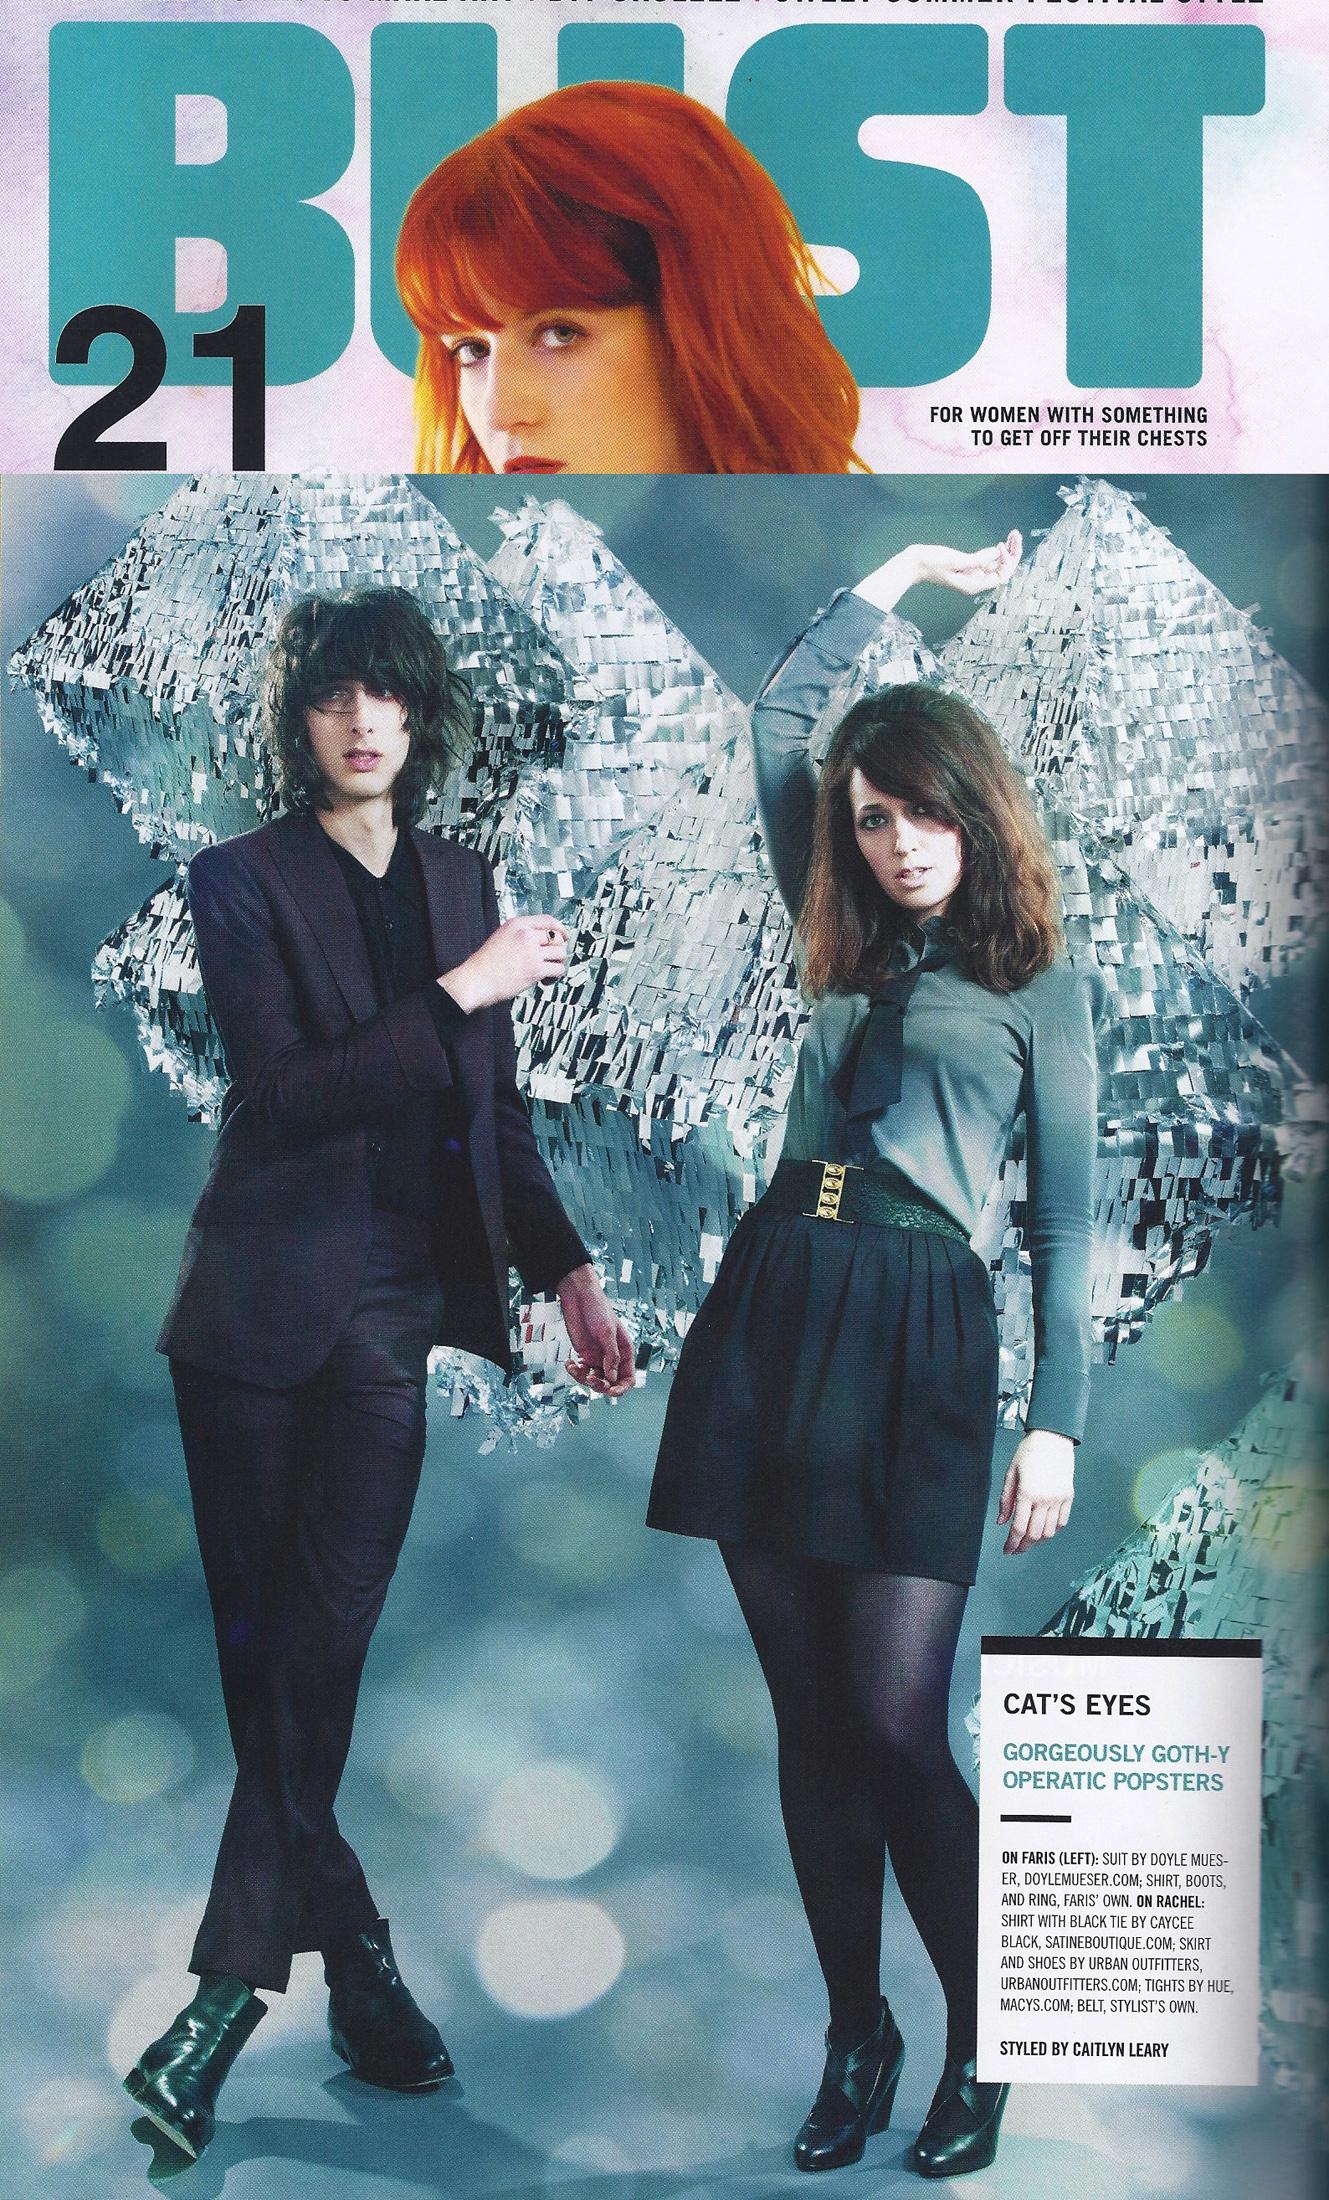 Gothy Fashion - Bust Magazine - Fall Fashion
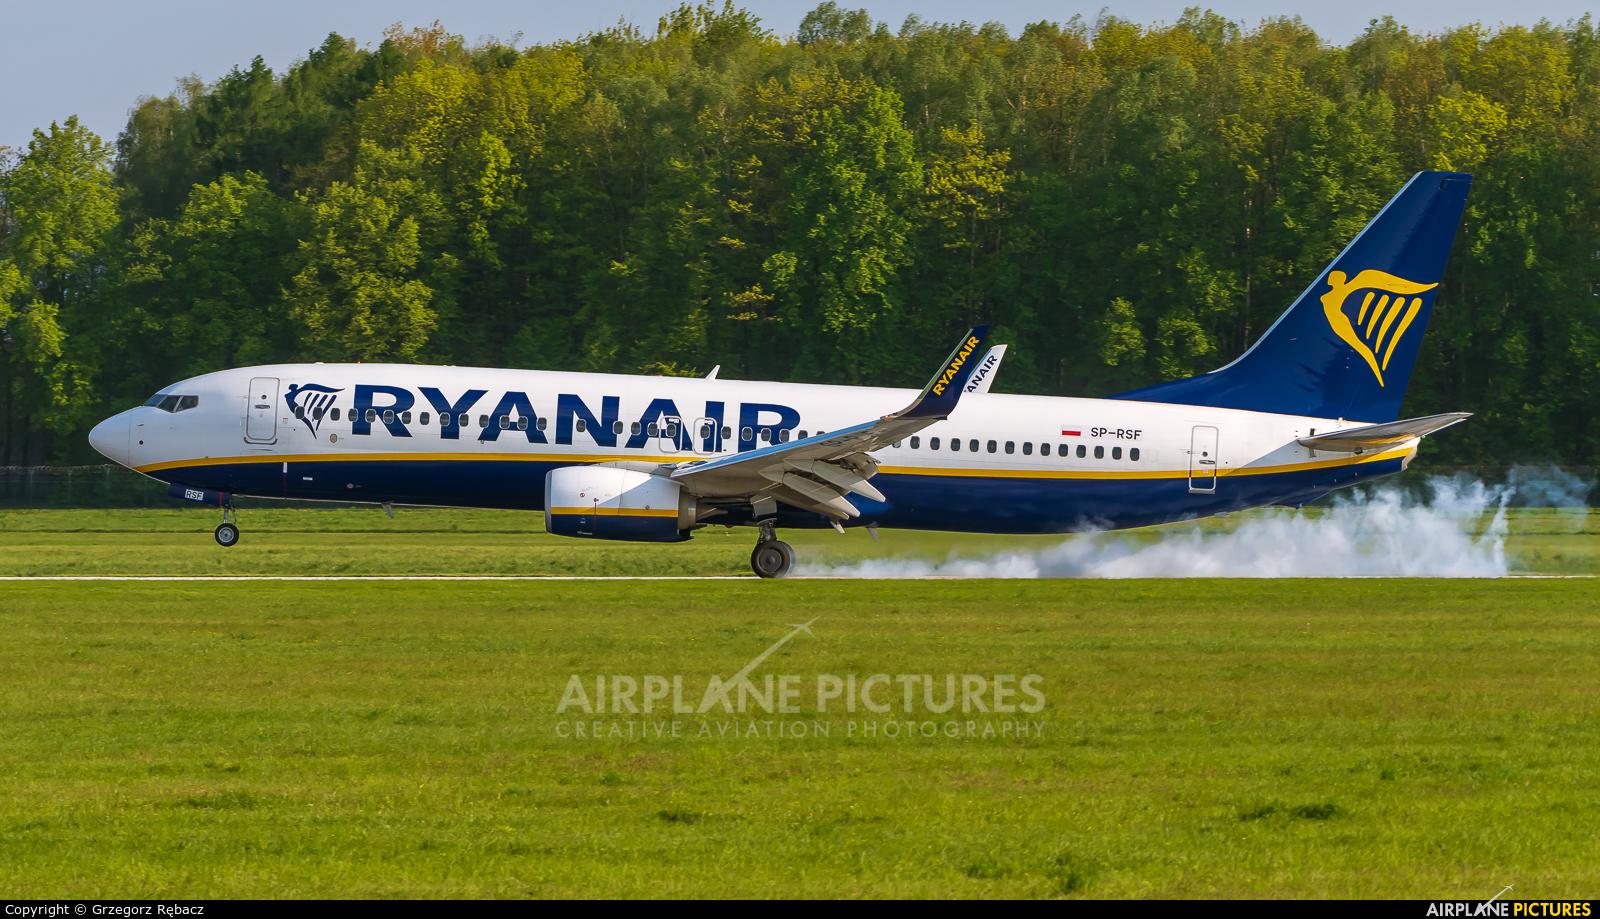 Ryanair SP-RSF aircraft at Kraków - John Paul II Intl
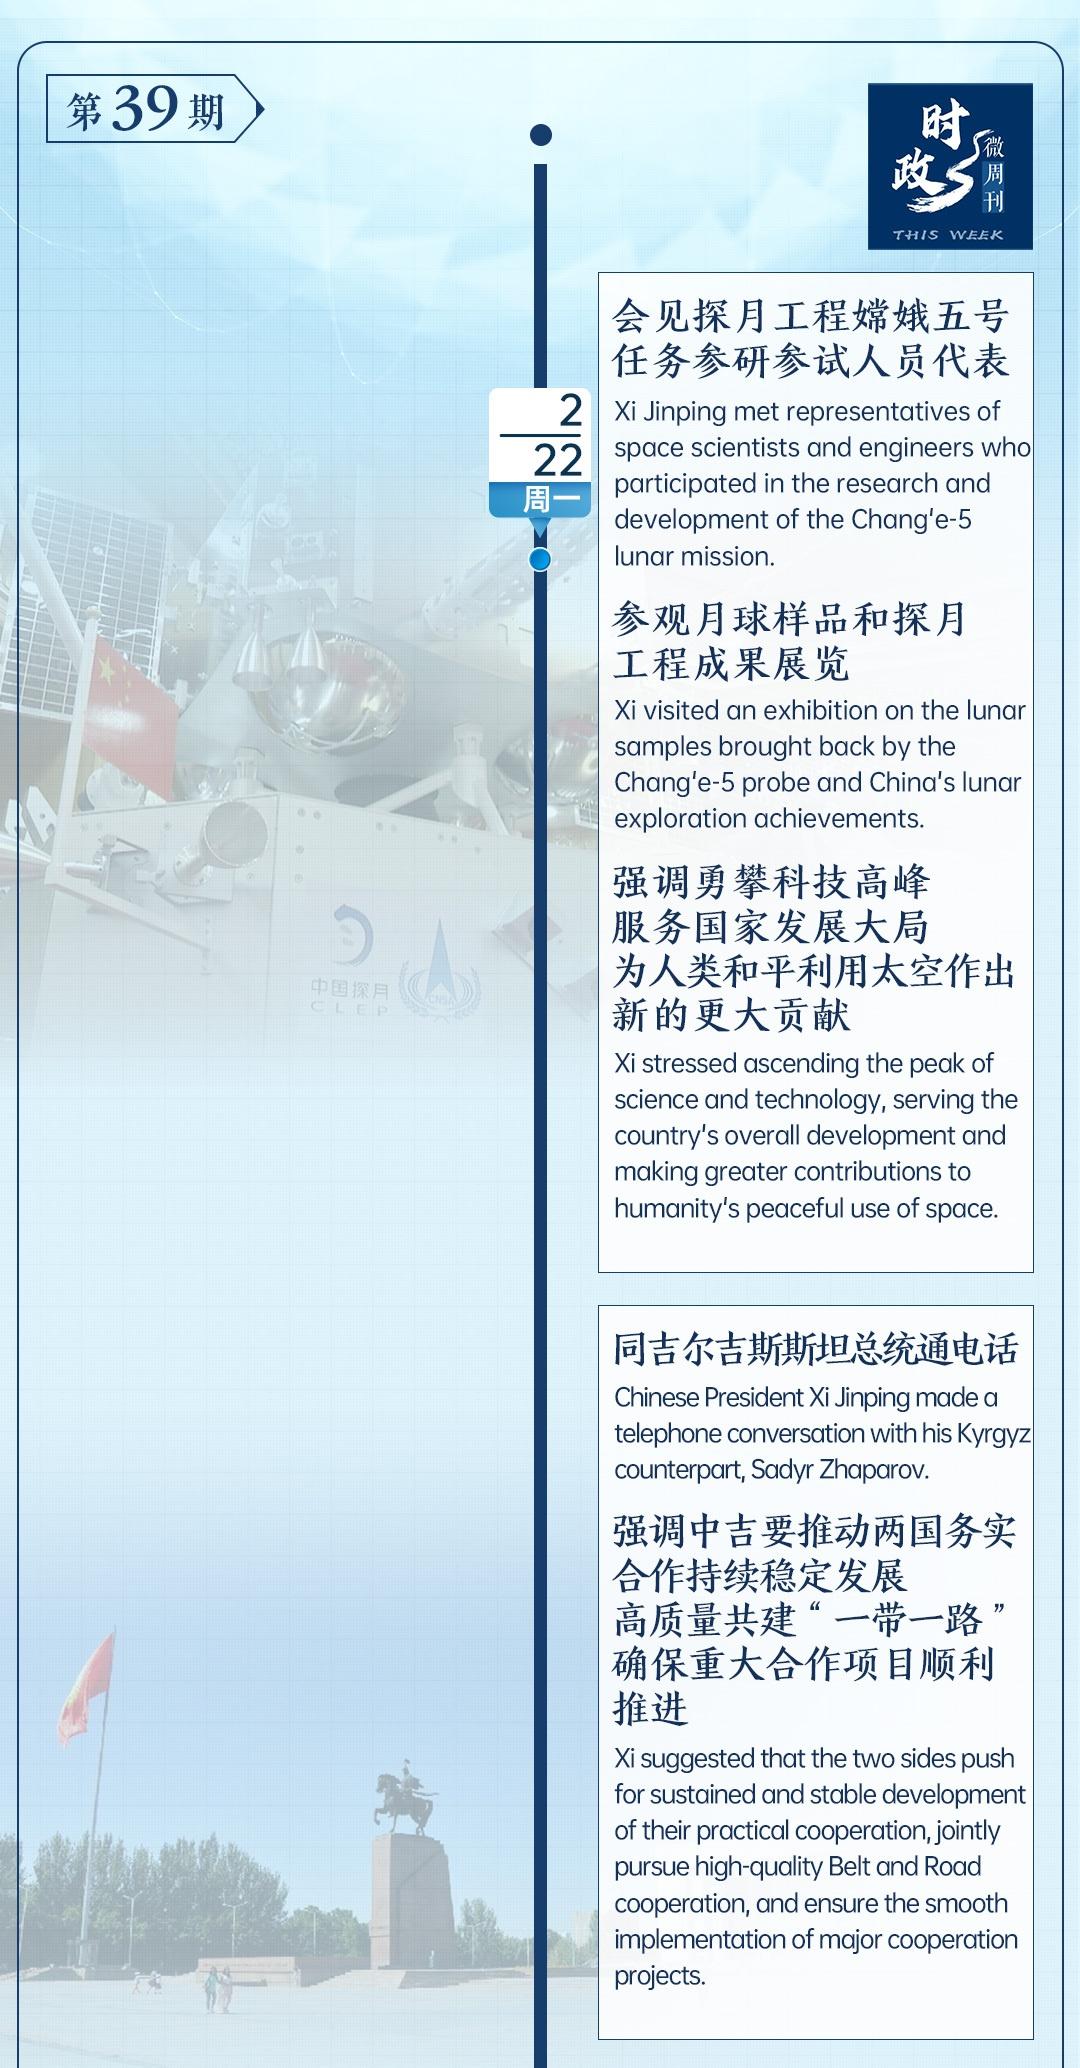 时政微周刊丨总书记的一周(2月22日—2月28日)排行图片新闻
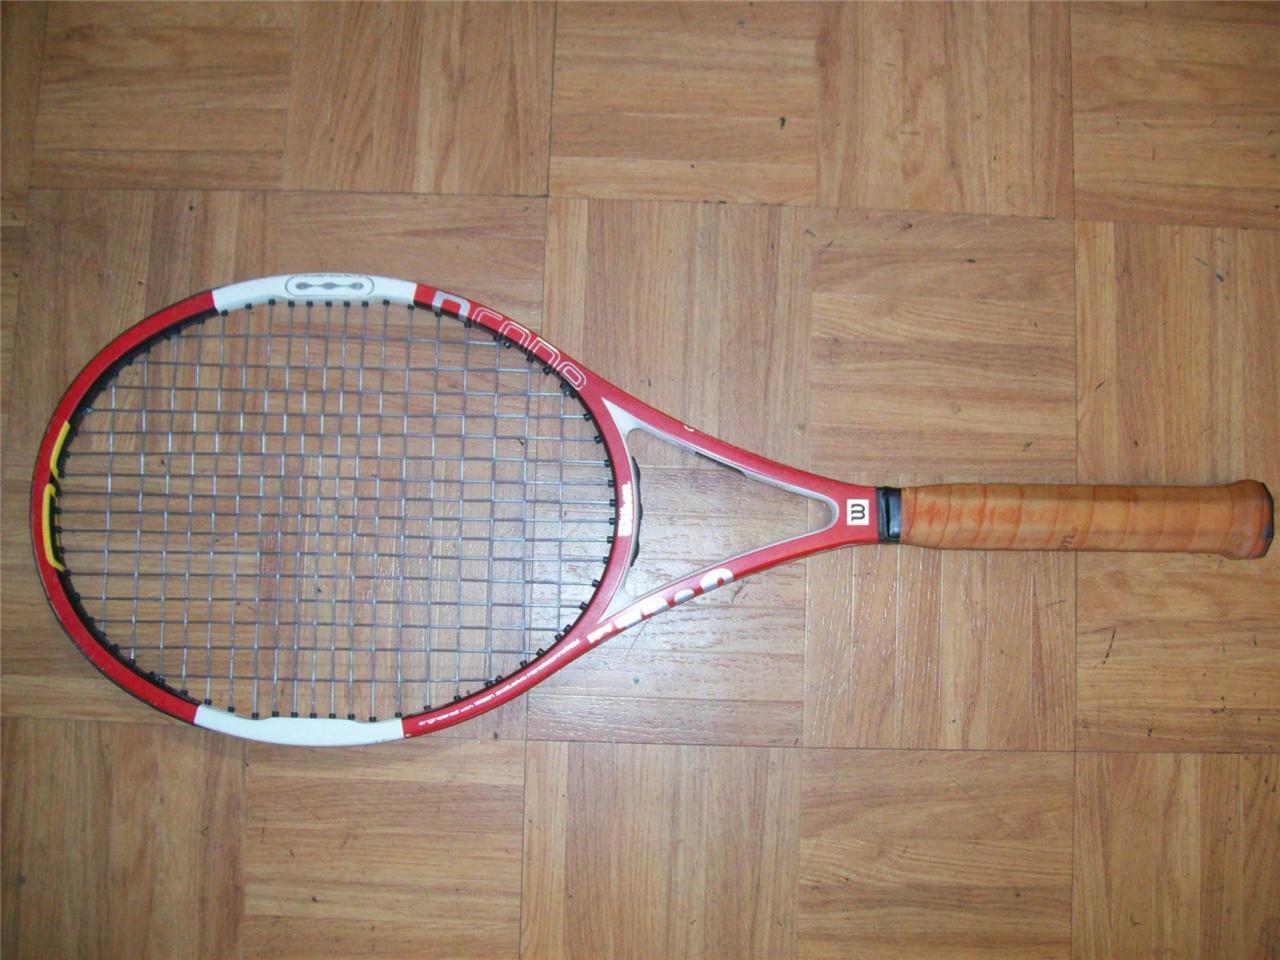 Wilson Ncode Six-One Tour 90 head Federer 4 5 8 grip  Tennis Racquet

• • •

## [EXERCISE INSTRUCTIONS]
Everything from the line with "时政微周刊丨总书记的一周(2月22日—2月28日)排行图片新闻" through the last line above must be repeated exactly, except the pictures.

## [SOLUTION FOR THIS TASK]
 时政微周刊丨总书记的一周(2月22日—2月28日)排行图片新闻
 Wilson Ncode Six-One Tour 90 head Federer 4 5 8 grip  Tennis Racquet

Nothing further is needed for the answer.